Tutorial 3 — Visualisation, GSEA, and export#

This tutorial covers:

  1. Similarity heatmap

  2. MP score distributions across experimental groups (violin plots)

  3. MP scores on UMAP

  4. Gene Set Enrichment Analysis (GSEA) using bundled MSigDB gene sets

  5. Exporting the gene signatures to CSV — with and without loading scores

Dataset — Peter Sims lab DMSO vs. panobinostat scRNA-seq cohort.

0 · Imports and data preparation#

[ ]:
import kaleidocell
import scanpy as sc
import pandas as pd

adata = sc.read_h5ad('../data/petersims_example.h5ad')
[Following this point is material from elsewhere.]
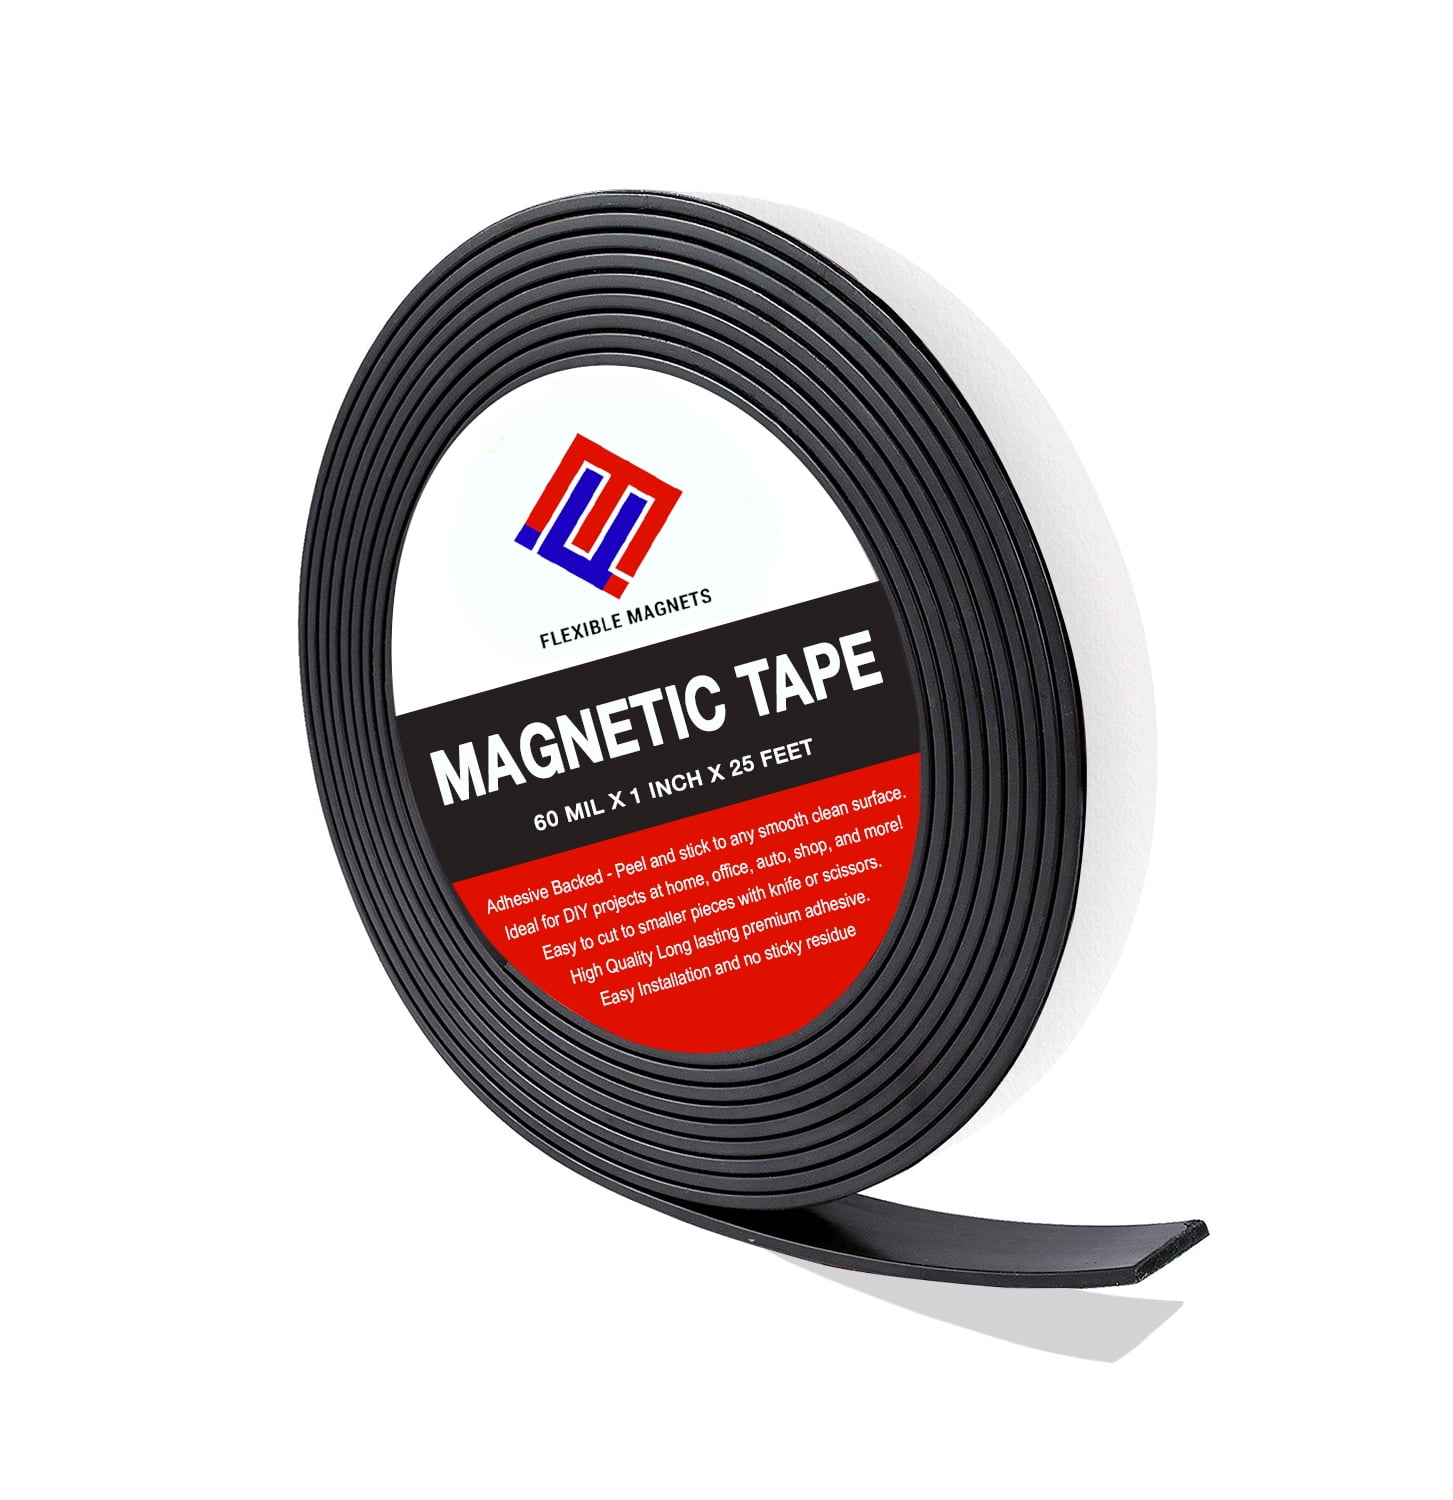 Self-Adhesive Magnetic Flexible Tape by The Magnet Shop®

results_nmf, nmf_convergence = kaleidocell.multi_sample_nmf(
    adata,
    batch_key='Patients',
    test_ranks=[4, 5, 6, 7, 8, 9],
    n_initializations=10,
    seed=42,
)

results_mp = kaleidocell.derive_nmf_metaprograms(results_nmf, top_n_genes=50)
mp_scores = kaleidocell.compute_mp_scores(results_mp, adata)

1 · Similarity heatmap#

Visualise pairwise cosine similarities between all NMF programs. Diagonal blocks correspond to meta-programs; tight blocks indicate well-defined signatures.

[ ]:
kaleidocell.plot_heatmap(results_mp)

2 · Quality metrics#

[ ]:
results_mp['metrics']

3 · MP score distributions across conditions#

show_distribution_over_obs draws one violin plot per MP, grouped by the specified obs column. This is useful for quickly identifying MPs that are differentially active between conditions or donors.

[ ]:
kaleidocell.show_distribution_over_obs(
    mp_scores,
    adata,
    batch_key='Treatment',
    save=False,
)

4 · MP scores on UMAP#

Overlay per-cell MP scores on the UMAP embedding. If no UMAP is present in adata.obsm, it is computed automatically.
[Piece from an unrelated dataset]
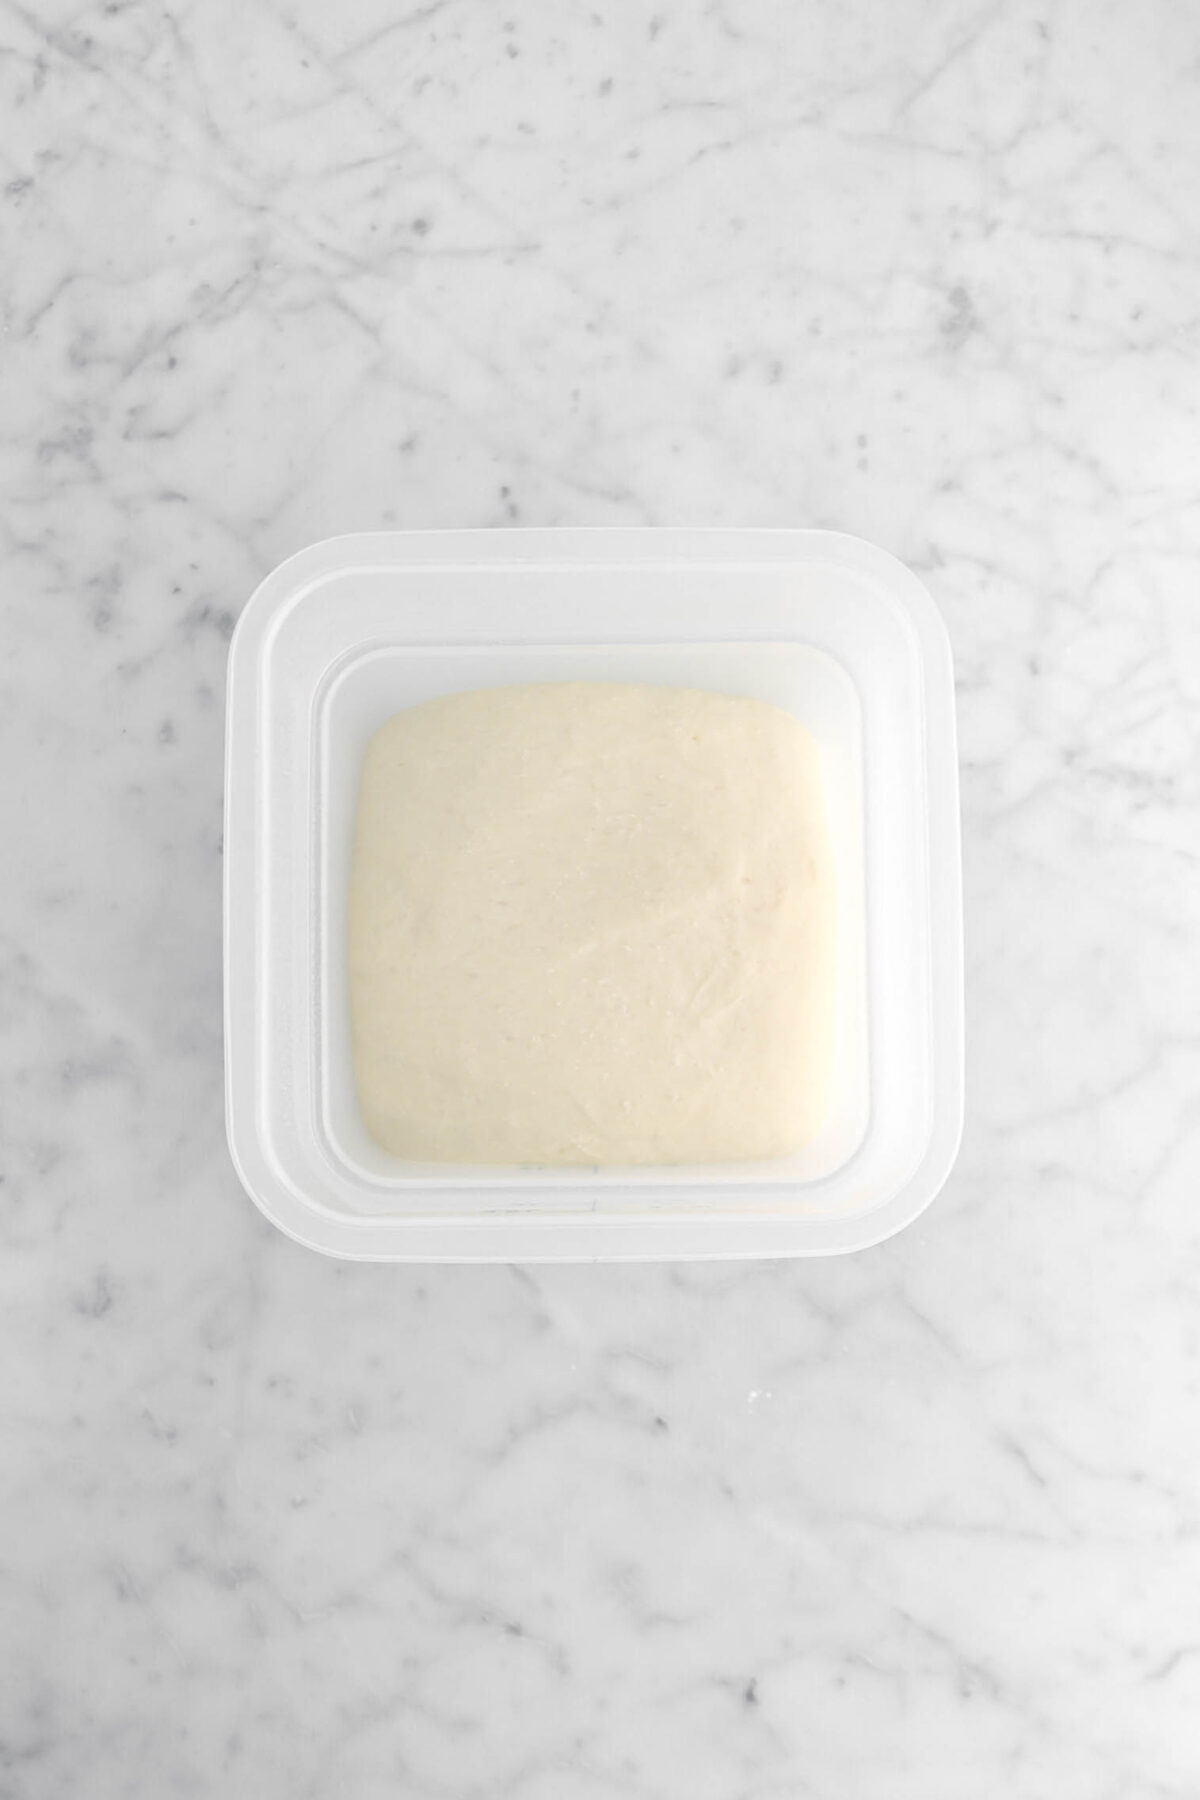 proofed dough in square container.

Setting weighted=True scales each gene’s expression by its normalised loading weight before summing, giving higher-specificity genes more influence than low-weight genes.

[ ]:
# Standard equal-weight scores
kaleidocell.plot_mp_scores_on_umap(mp_scores, adata, ncols=4)
[ ]:
# Weight-scaled scores — requires results_mp
kaleidocell.plot_mp_scores_on_umap(
    mp_scores, adata,
    ncols=4,
    weighted=True,
    results_mp=results_mp,
)

5 · Gene Set Enrichment Analysis#

kaleidocell ships with several MSigDB gene-set files. Use kaleidocell.files to discover what is available.

[ ]:
# List all bundled gene-set files with descriptions
print(kaleidocell.files)
[ ]:
# Run Enrichr-based GSEA against Hallmarks and GO Biological Process
# Pass the short filename — kaleidocell resolves it to the bundled path automatically
gsea_results, gsea_plots = kaleidocell.run_gsea_pipeline(
    results_mp,
    from_file=[
        'h.all.v2026.1.Hs.symbols.gmt',
        'c5.go.bp.v2026.1.Hs.symbols.gmt',
    ],
    top_n_plot=6,
    plot=False,
    save_csv=False,
)

# Significant terms table
gsea_results.head(20)
[ ]:
# Bar plots of top terms per MP
kaleidocell.plot_gsea_results(gsea_plots, ncols=4)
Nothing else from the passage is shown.